_AVAILABLE DATA_
--------------------
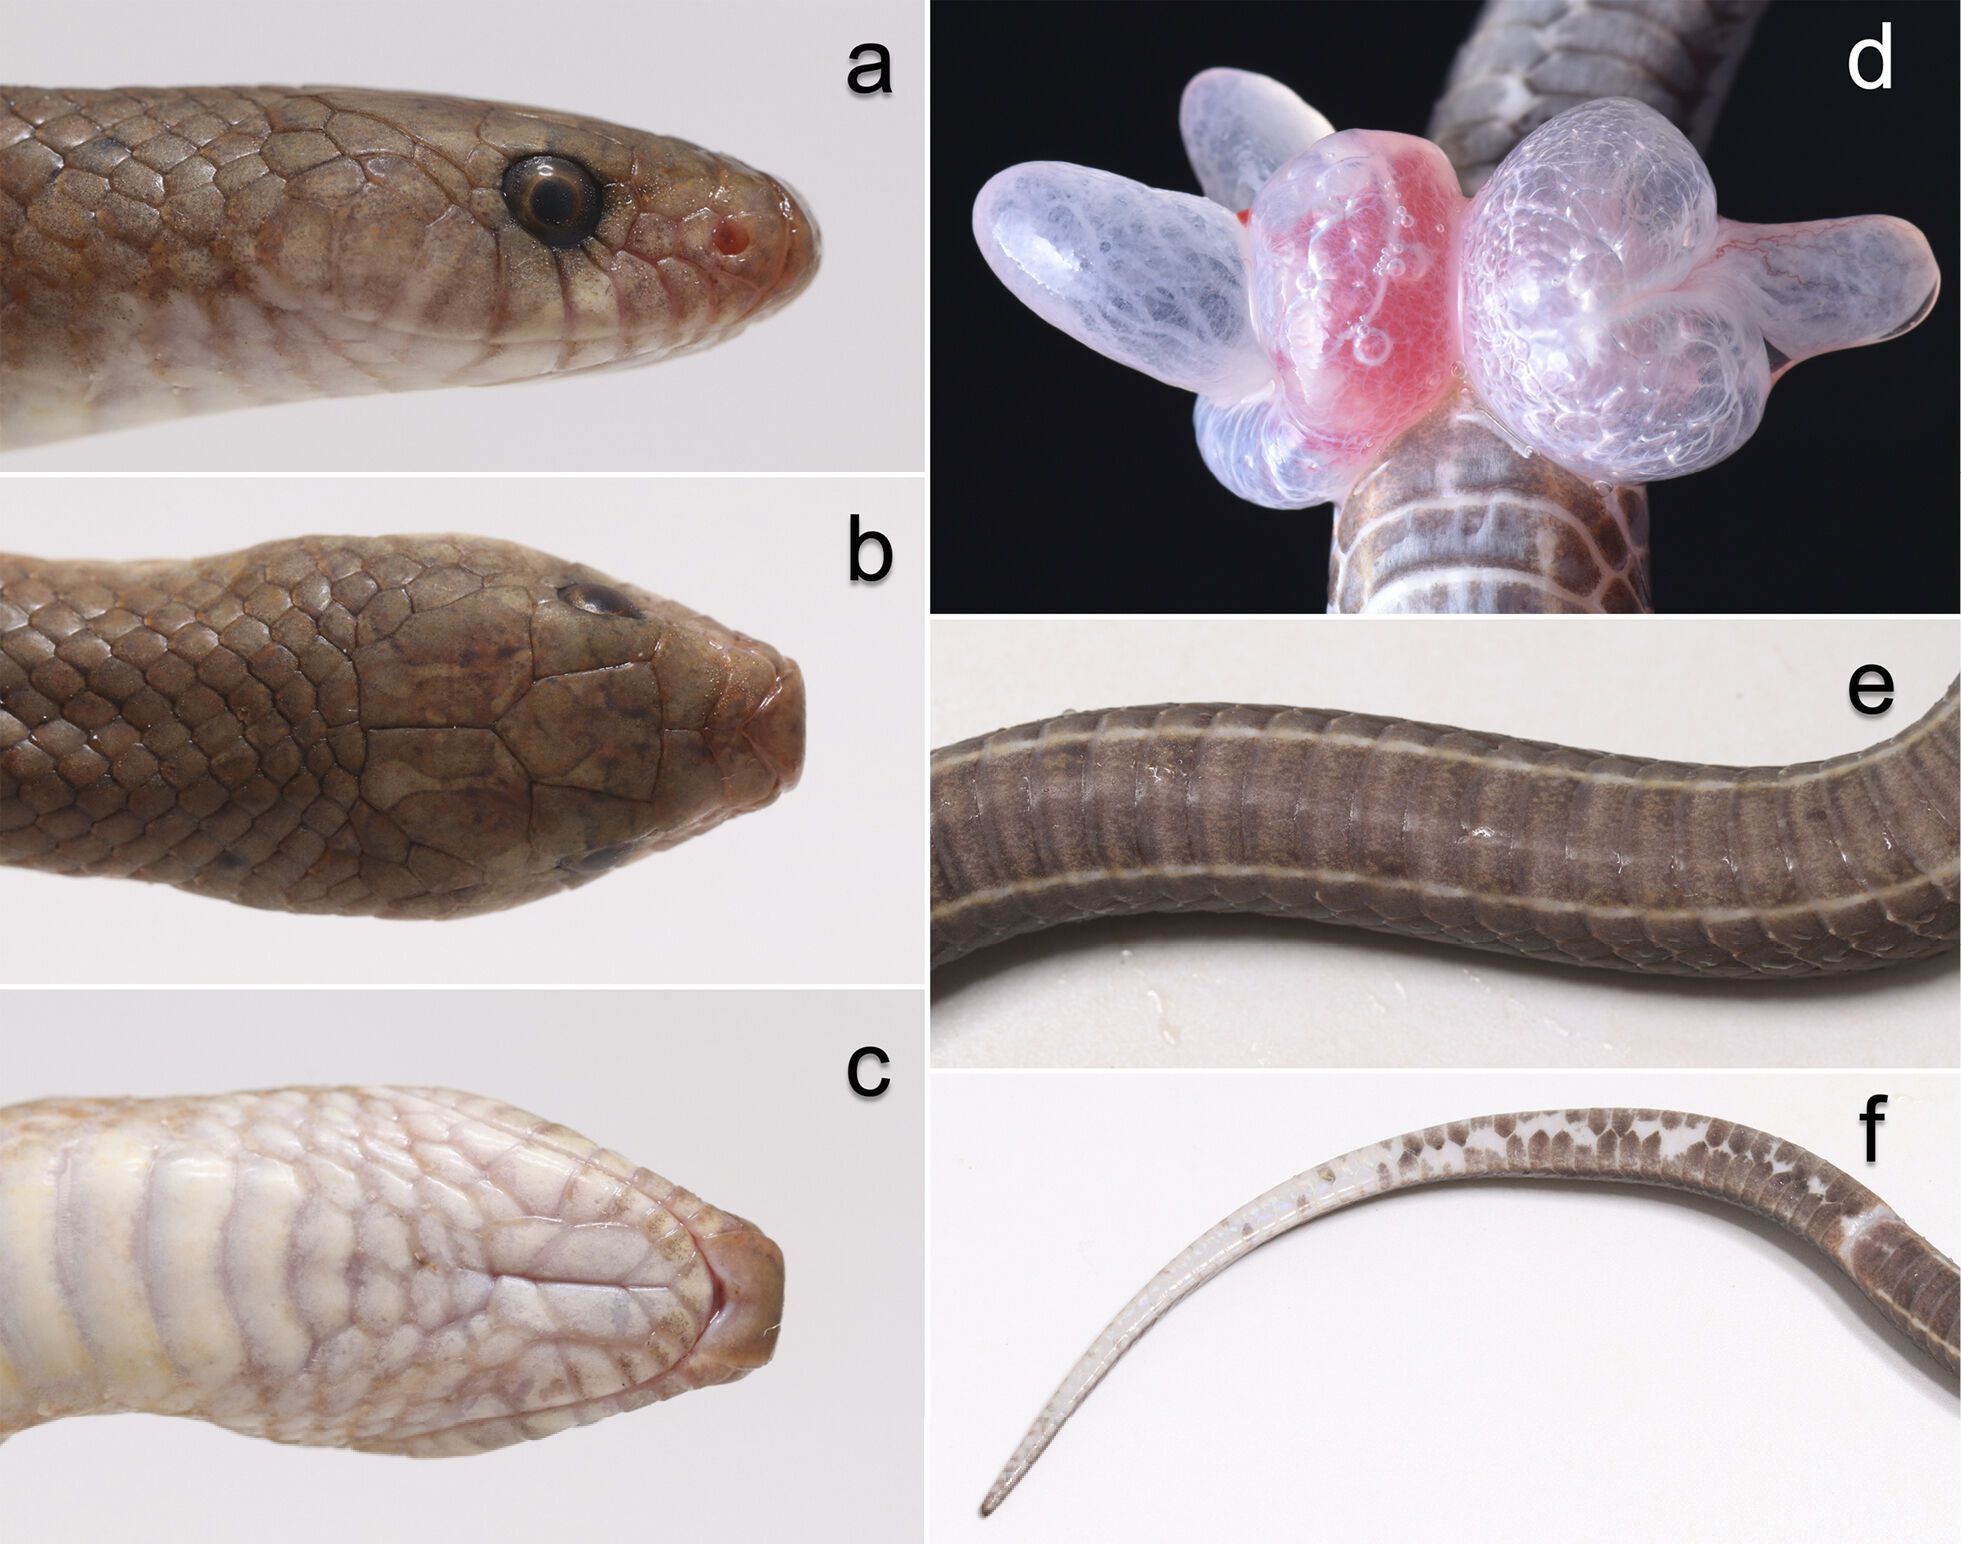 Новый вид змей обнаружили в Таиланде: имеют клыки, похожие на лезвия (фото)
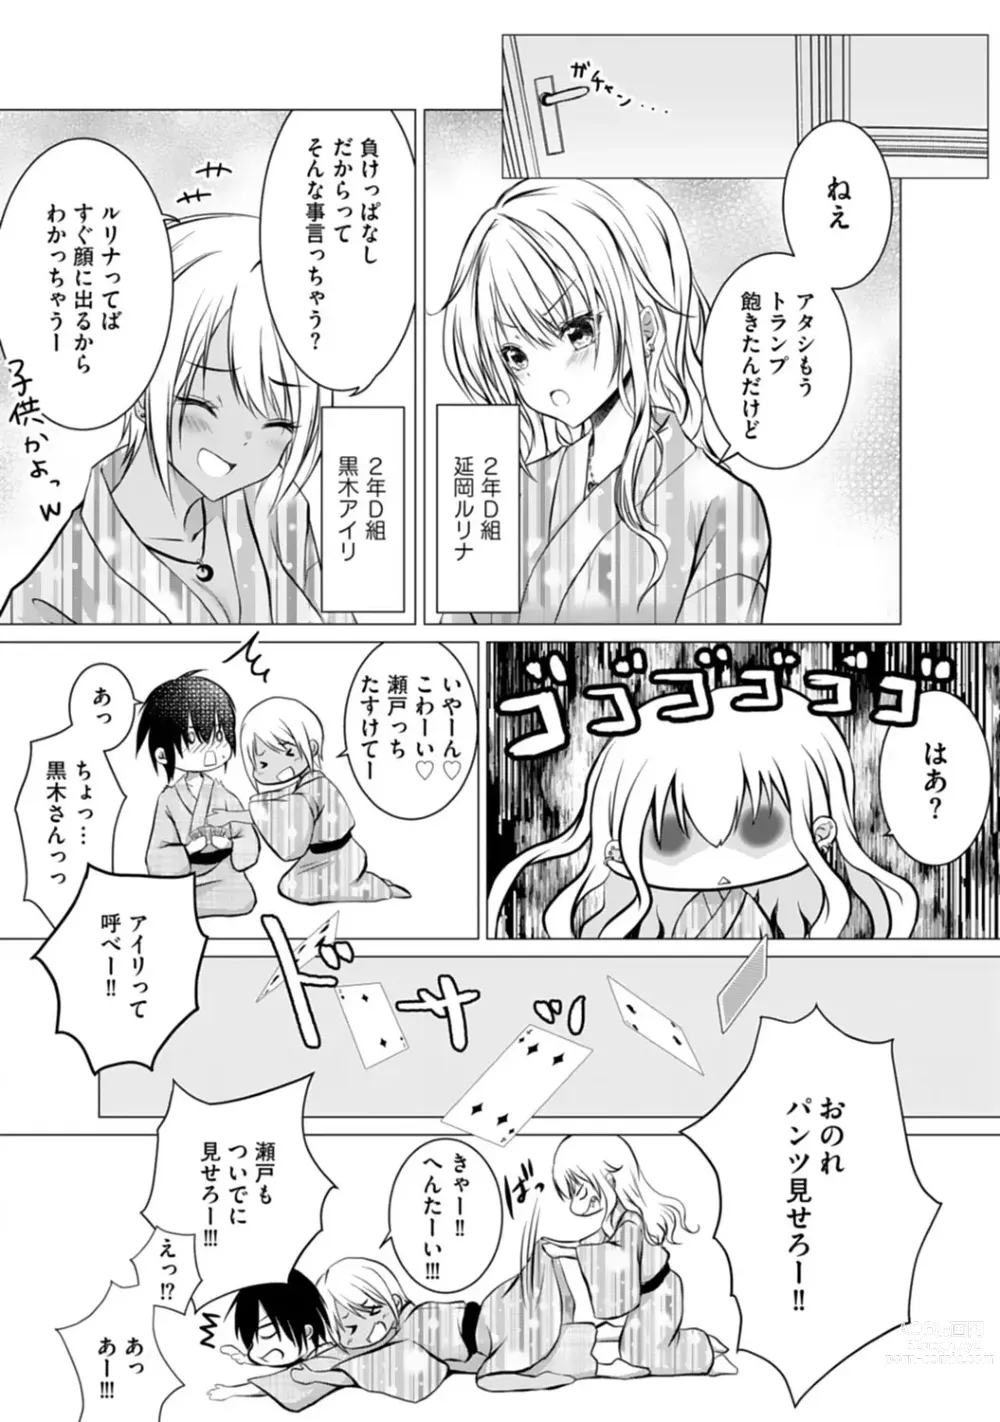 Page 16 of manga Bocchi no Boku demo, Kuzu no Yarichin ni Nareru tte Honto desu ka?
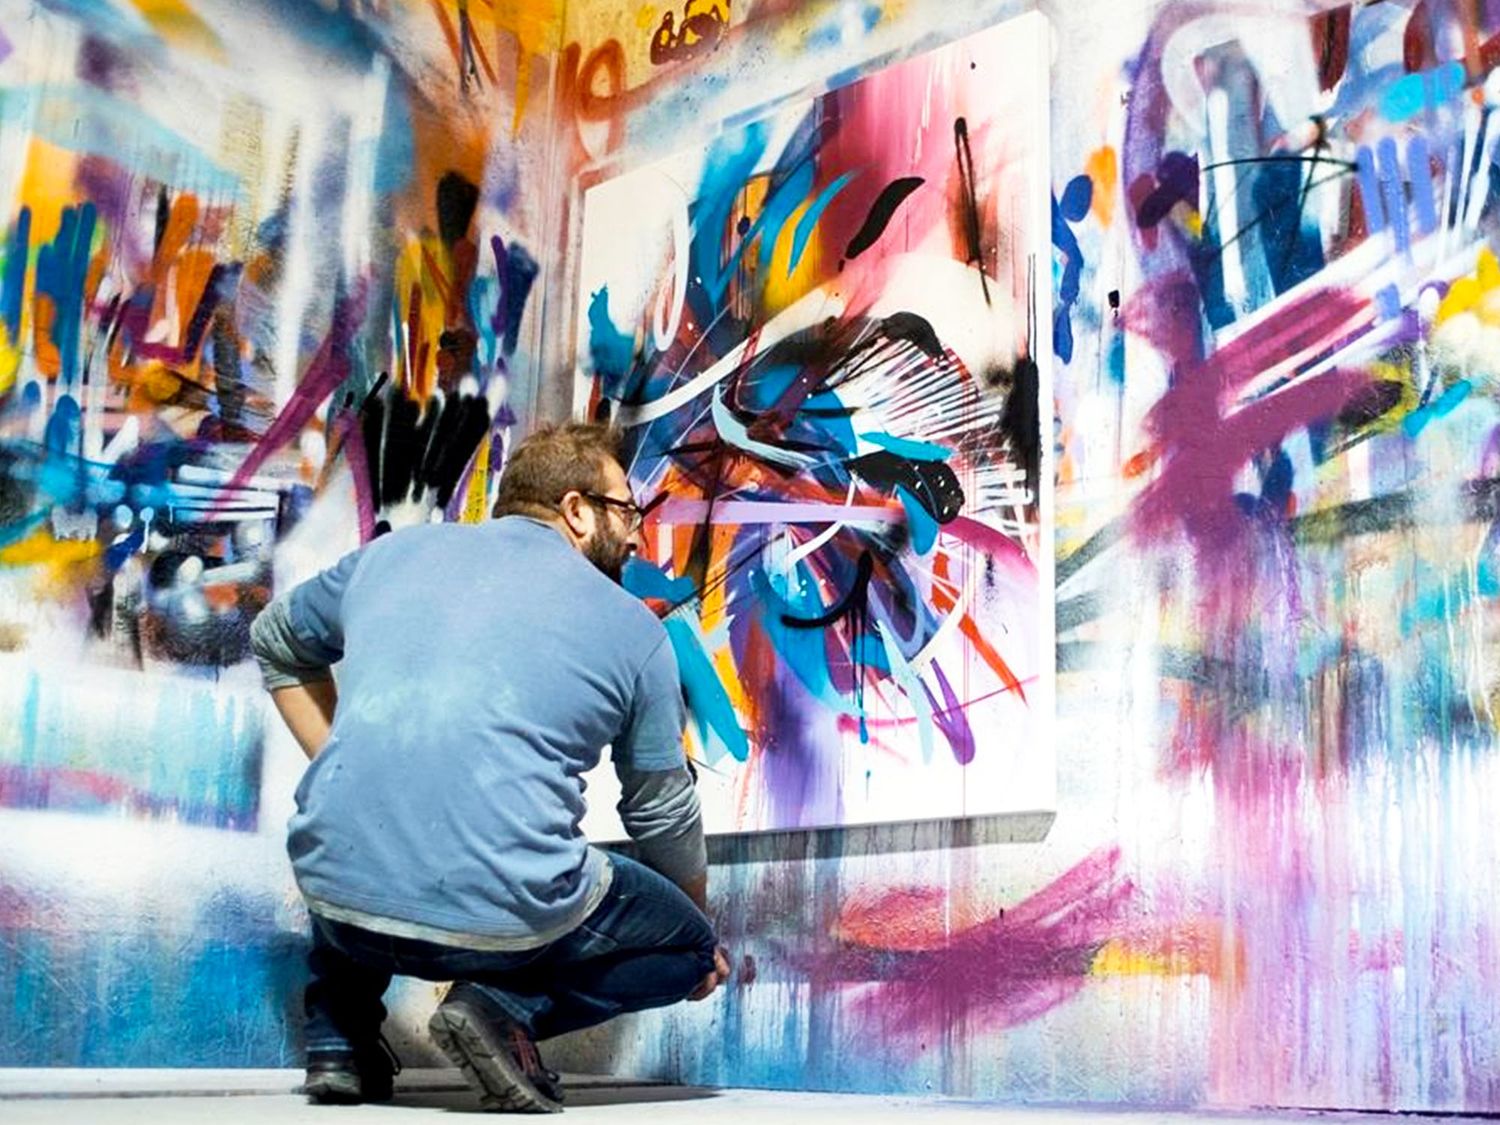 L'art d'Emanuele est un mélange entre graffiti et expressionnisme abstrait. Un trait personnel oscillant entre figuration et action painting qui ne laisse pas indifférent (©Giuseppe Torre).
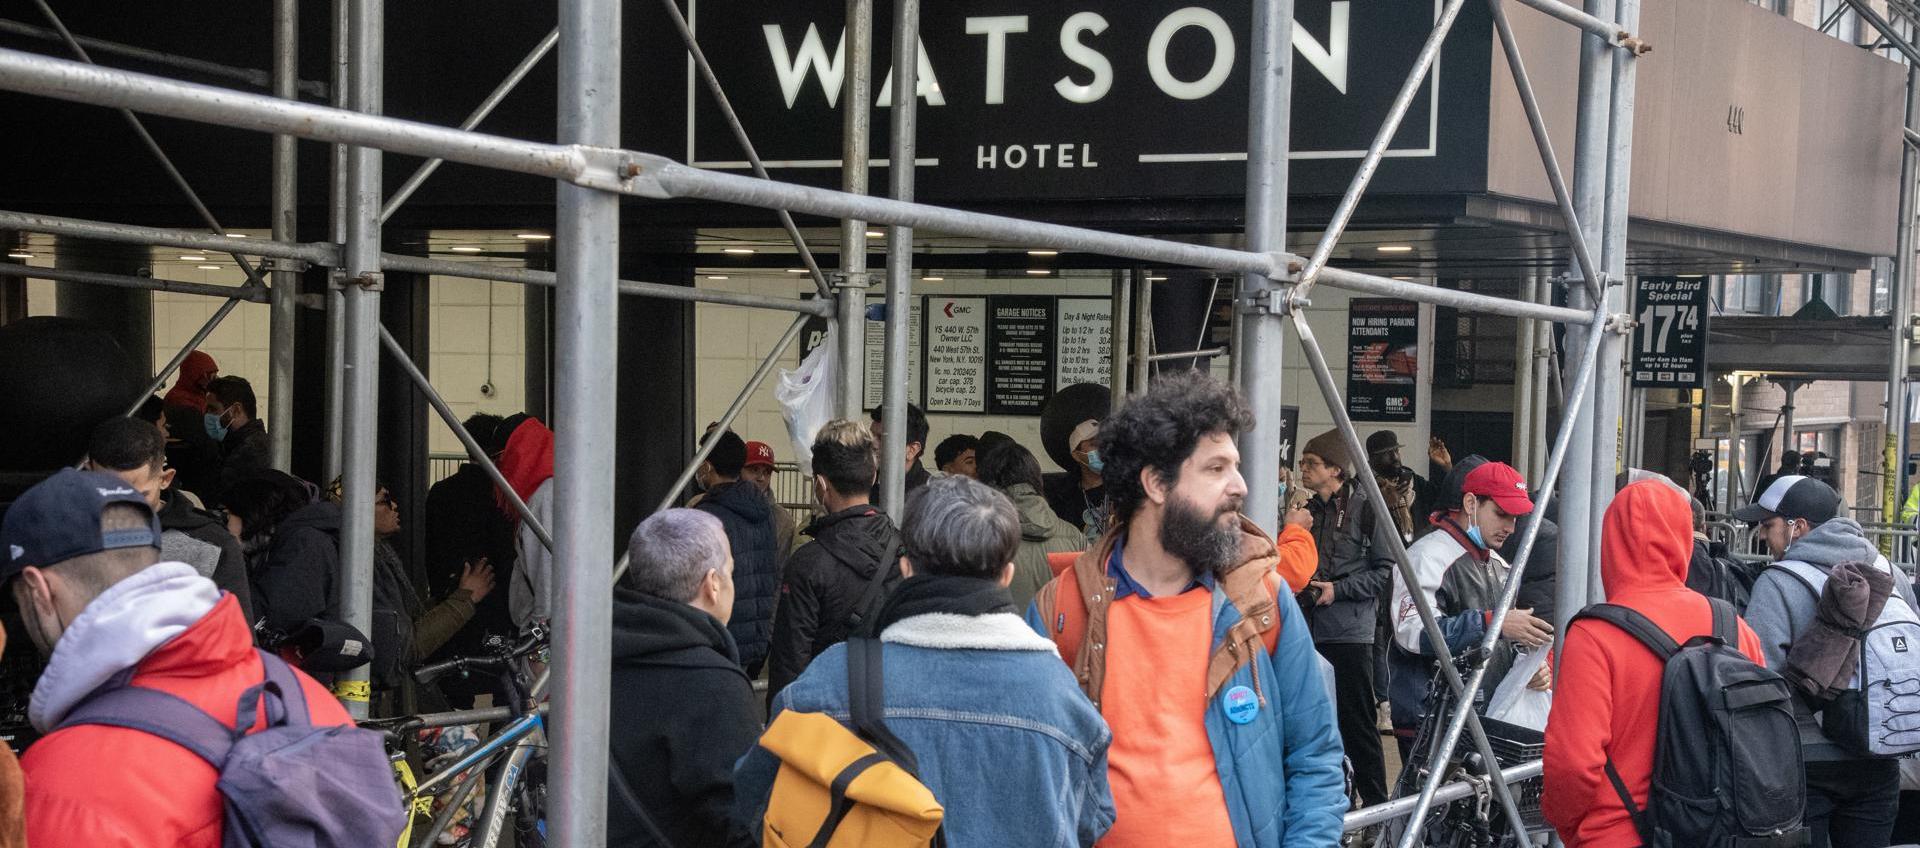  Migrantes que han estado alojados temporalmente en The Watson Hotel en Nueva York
--------------------
_YOUR INSTRUCTIONS_
Print the full listing above exactly. Pictures stay out of the copy.

_TASK SOLUTION_
 Новый вид змей обнаружили в Таиланде: имеют клыки, похожие на лезвия (фото)
 Page 16 of manga Bocchi no Boku demo, Kuzu no Yarichin ni Nareru tte Honto desu ka?
 L'art d'Emanuele est un mélange entre graffiti et expressionnisme abstrait. Un trait personnel oscillant entre figuration et action painting qui ne laisse pas indifférent (©Giuseppe Torre).
  Migrantes que han estado alojados temporalmente en The Watson Hotel en Nueva York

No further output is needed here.